Example 10.2.6.6. Let $A_{\bullet }$ be an augmented simplicial abelian group, and let
\[ \mathrm{C}_{\ast }^{\mathrm{aug}}( A ) = ( \cdots \rightarrow A_{2} \xrightarrow {\partial } A_{1} \xrightarrow {\partial } A_0 \xrightarrow {\partial } A_{-1} ) \]
denote its augmented Moore complex (Remark 10.2.2.21). Suppose we are given a splitting of $A_{\bullet }$, and let $\{ h_{n}: A_{n} \rightarrow A_{n+1} \} _{n \geq -1}$ be the extra degeneracy operators described in Remark 10.2.6.4. Then the collection $\{ h_{n} \} $ is a contracting homotopy for $\mathrm{C}_{\ast }^{\operatorname{aug}}( A )$, in the sense of Definition 2.5.0.5: that is, the homomorphism
\[ ( h_{n-1} \circ \partial + \partial \circ h_{n} ): A_{n} \rightarrow A_{n} \]
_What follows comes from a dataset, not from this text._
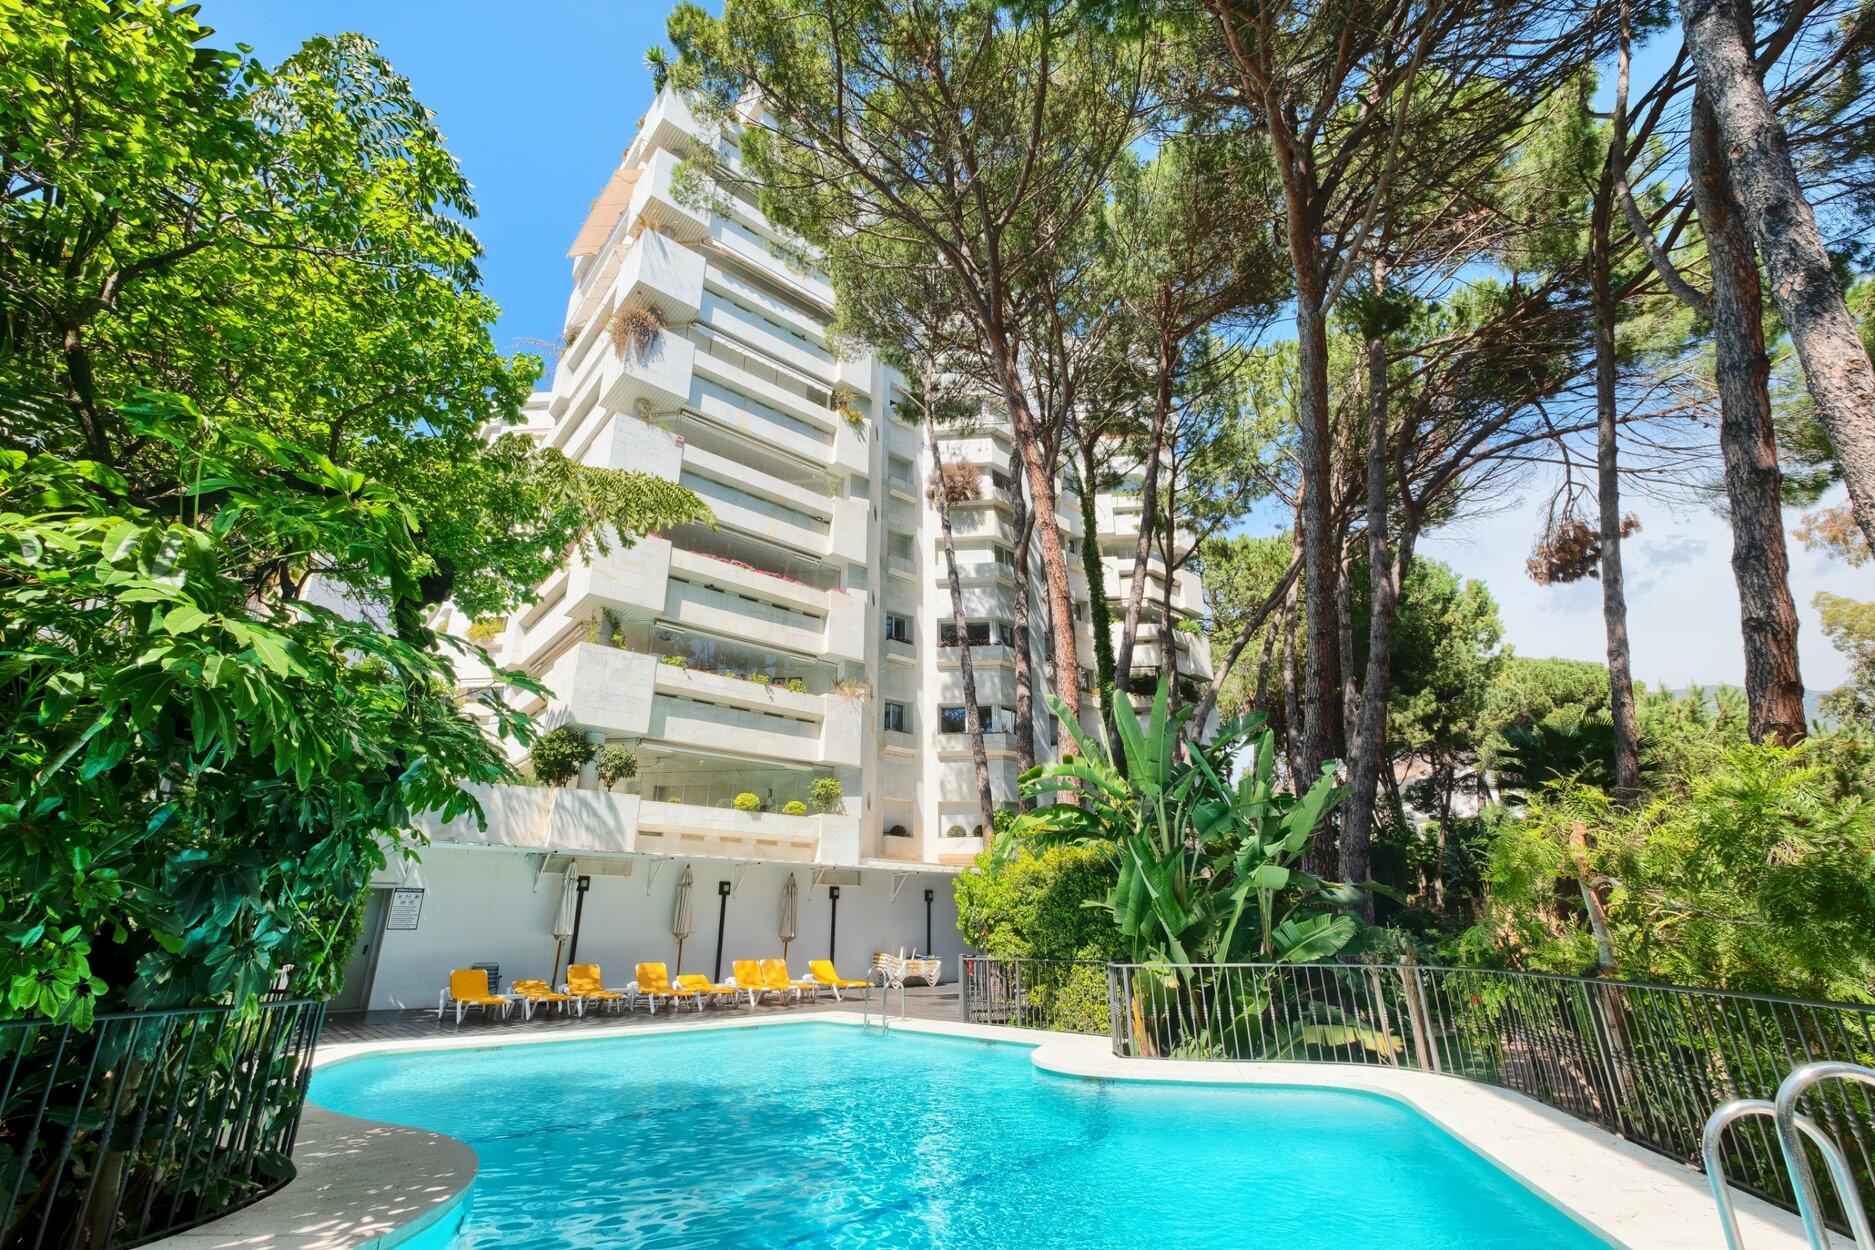 Apartment for sale in Marbella, Marbella Golden Mile

is equal to the identity for each $n \geq -1$ (where we adopt the convention that $h_{n} \circ \partial = 0$ for $n = -1$). This follows from the calculation
\begin{eqnarray*} h_{n-1} \circ \partial + \partial \circ h_{n} & = & (\sum _{i=0}^{n} (-1)^{i} h_{n-1} \circ d^{n}_{i}) + (\sum _{j=0}^{n+1} (-1)^{j} d^{n+1}_{j} \circ h_{n}) \\ & = & (\sum _{i=0}^{n} (-1)^{i} (h_{n-1} \circ d^{n}_{i} - d^{n+1}_{i+1} \circ h_{n} ) ) + d^{n+1}_{0} \circ h_{n} \\ & = & \operatorname{id}_{ A_{n} }. \end{eqnarray*}
where the final equality follows from the identities (10.11).